▸ **Exercise**: Lines to restate from the data below: from the one containing "What is a Nitro RC Car" to the one containing "Operating Instructions Lab", both included. Give them again exactly, and only them.

▸ **Data to examine**:
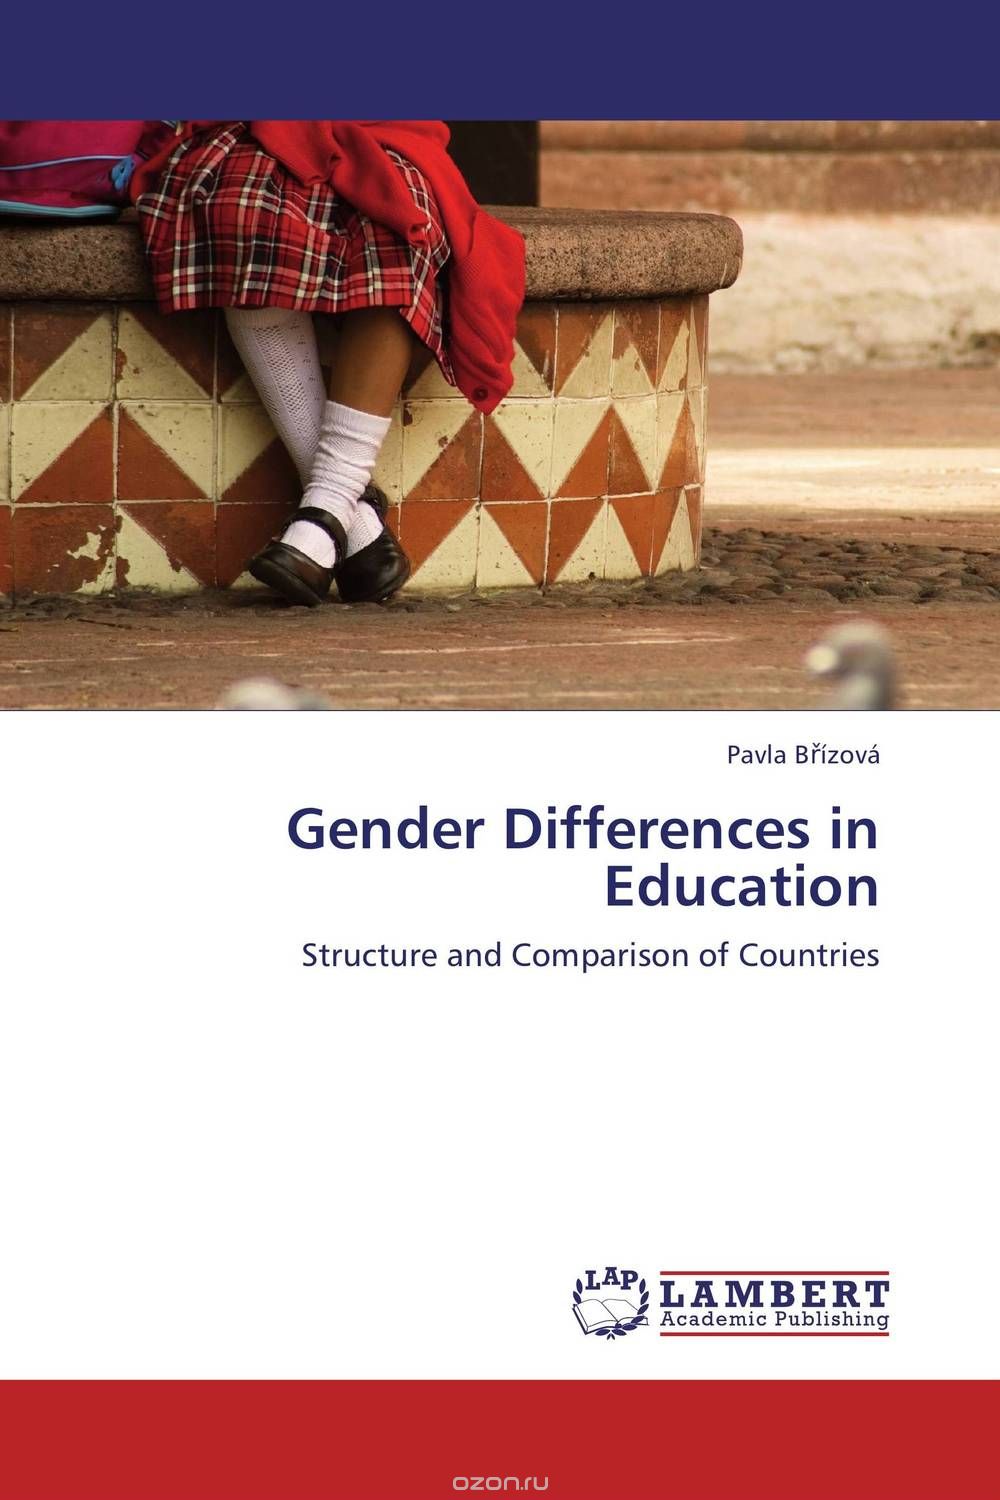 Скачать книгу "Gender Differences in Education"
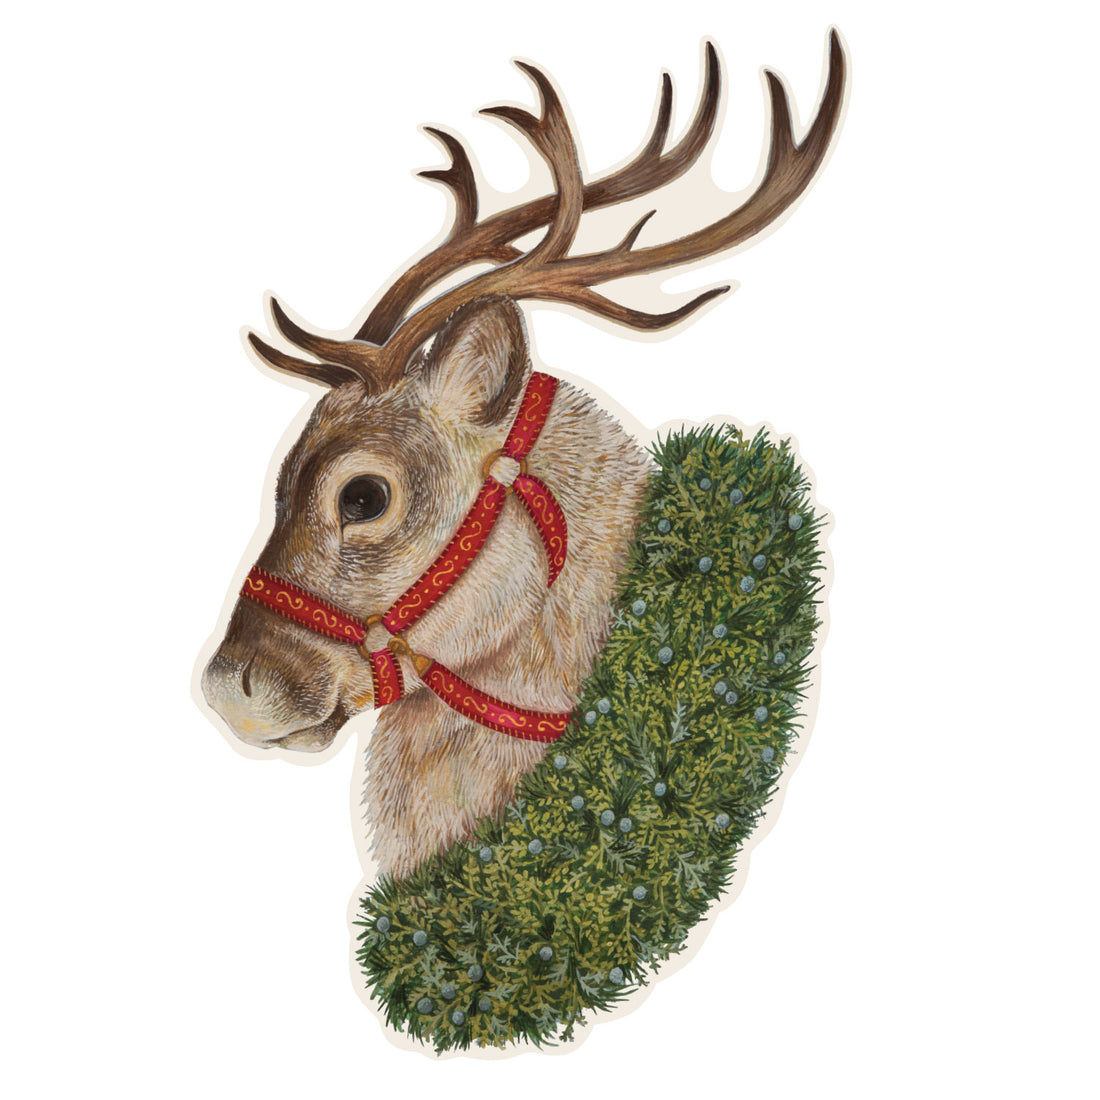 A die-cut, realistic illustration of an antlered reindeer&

==

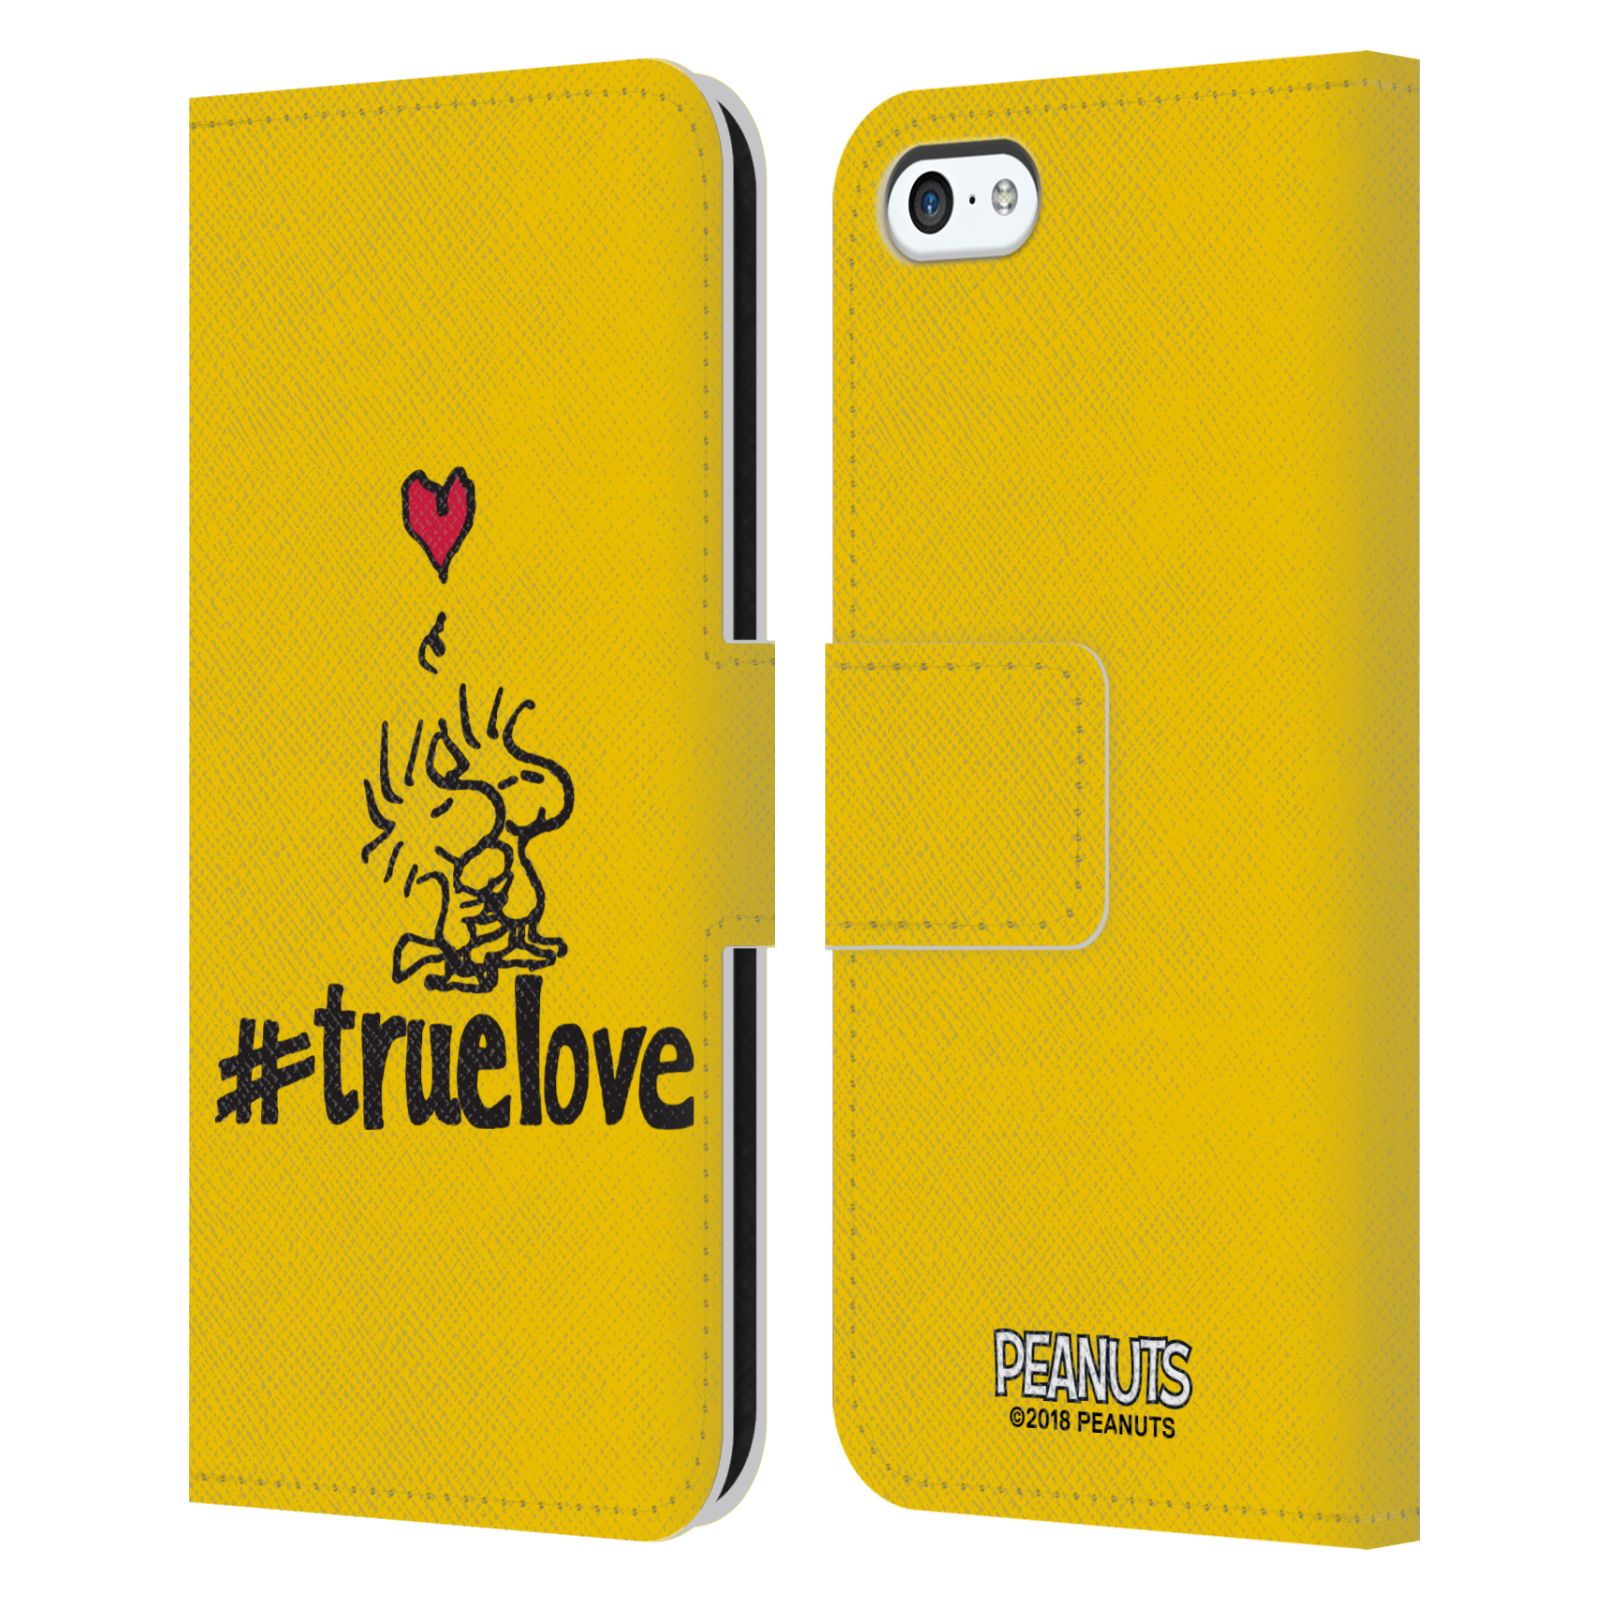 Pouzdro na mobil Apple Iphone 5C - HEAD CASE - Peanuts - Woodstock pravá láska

==

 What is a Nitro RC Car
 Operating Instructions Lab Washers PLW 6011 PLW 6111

▸ **Answer area**:
 What is a Nitro RC Car
 Operating Instructions Lab Washers PLW 6011 PLW 6111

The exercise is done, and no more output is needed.